Caitanya-Bhāgavata, Antya 4.126

In jeder Stadt und in jedem Dorf der Welt wird Mein Name erklingen.

Bereits heute kann man sehen, dass Mahāprabhus Worte in Erfül­lung gehen. All­mäh­lich wird sich harināma-saṅkīrtana mehr und mehr in allen sam­pra­dāyas, in allen Län­dern, unter allen Schichten und Klassen von Men­schen und über alle Schranken hinweg ver­breitet. Der Tag wird kommen, an dem bhagavad-dharma, śrī harināma-saṅkīrtana, auch in die letzten Ecken der Welt getragen wird und durch seinen glück­ver­hei­ßenden Klang die mate­ri­ellen Wün­sche der Lebe­wesen ver­schwinden. Jeder wird in Liebe zu Kṛṣṇa ein­tau­chen. Śrī Cai­tanya­deva krümmte keinem ein­ziges Lebe­wesen auch nur ein Haar. Statt­dessen wusch er ihre dämo­ni­schen Nei­gungen und sünd­hafte Natur durch die Flut der kṛṣṇa-prema hinweg. Diese Flut ver­breitet sich auf der ganzen Welt. Kalki erscheint im Kali-Yuga, um die Reli­gion zu beschützen und die Dämonen zu ver­nichten. Da dies von Mahāprabhu schon bewerk­stel­ligt wurde, ist es für Ihn nicht mehr not­wendig, zu erscheinen.

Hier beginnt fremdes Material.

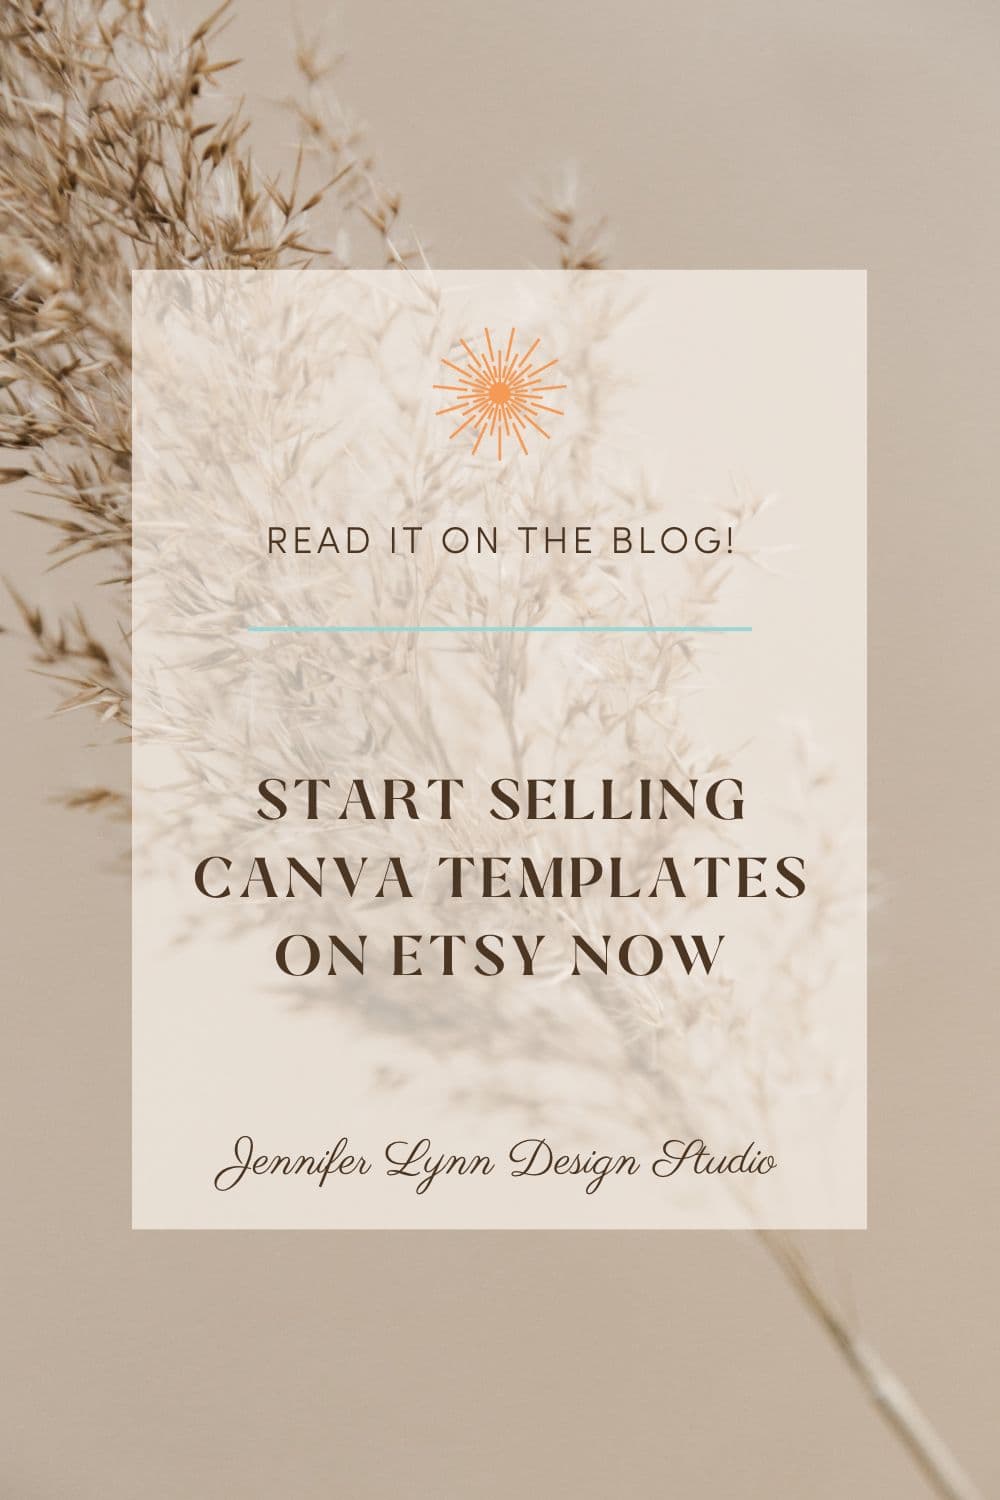 Start Selling Canva Templates on Etsy Now by Jennifer Lynn Design Studio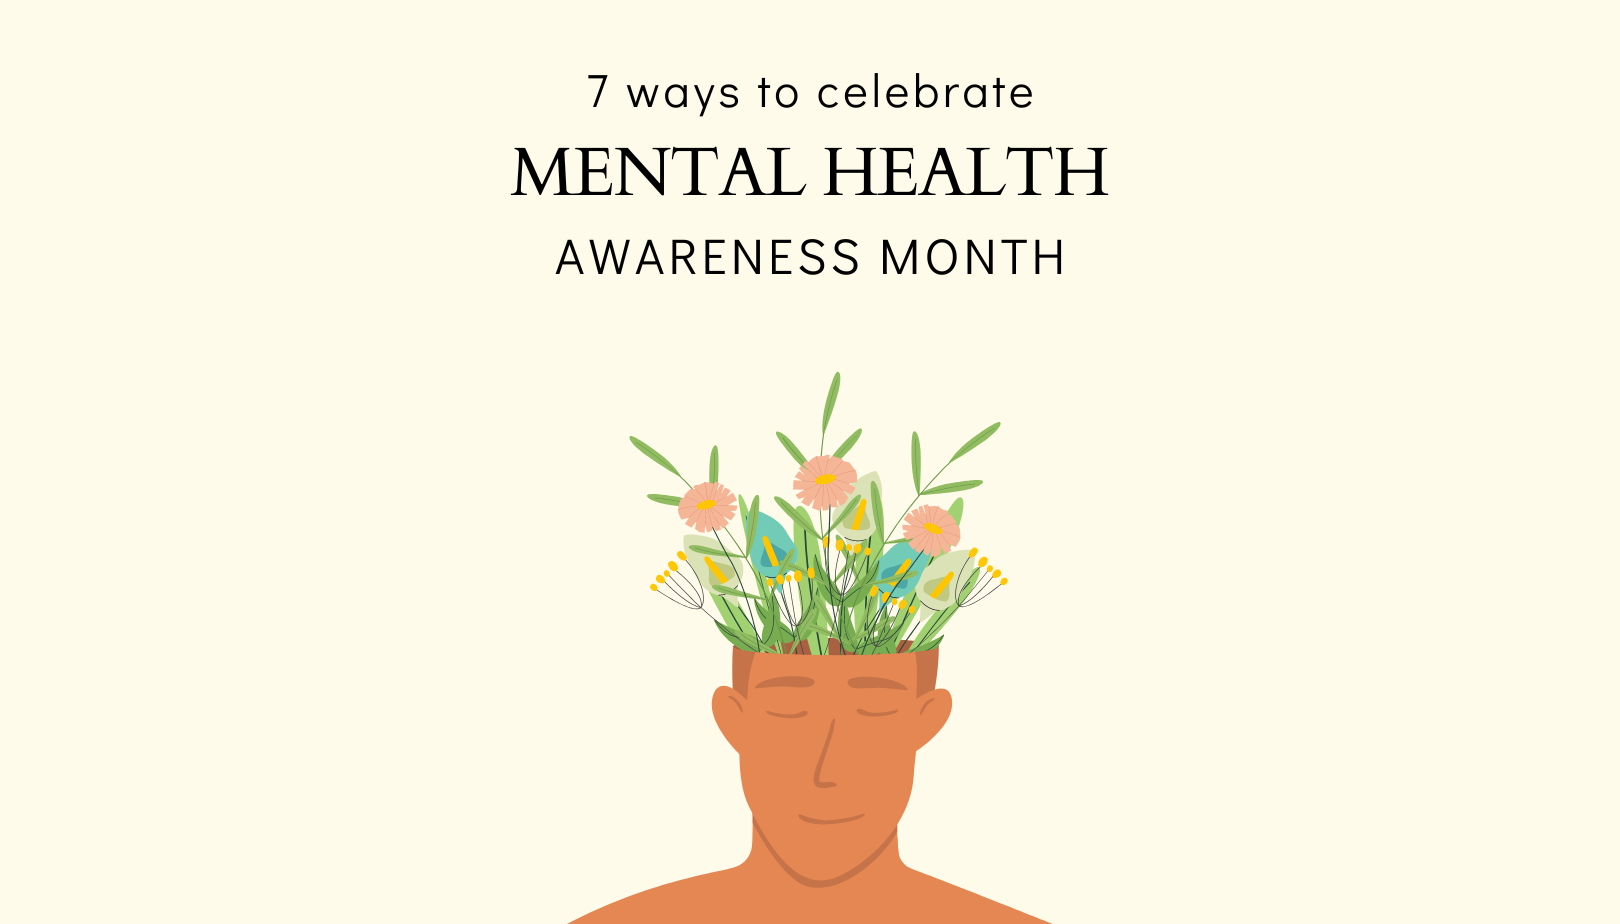 7 Ways to Celebrate Mental Health Awareness Month

Zudem besitzt Bha­gavān unend­lich viele Inkar­na­tionen. Sobald der Ursprung aller Ava­tāras, die Höchste Per­sön­lich­keit Gottes, selbst erscheint, befinden sich alle Ava­tāras in Ihm. Durch Ihn erfüllen sie dann Ihre jewei­ligen Auf­gaben wie Ein­führen des dharmas für das jewei­lige Zeit­alter. Des­halb besteht keine Not­wen­dig­keit mehr für Kalki, getrennt zu erscheinen. Die Schriften haben das Erscheinen Kalkis für gene­relle Kali-Yugas beschrieben.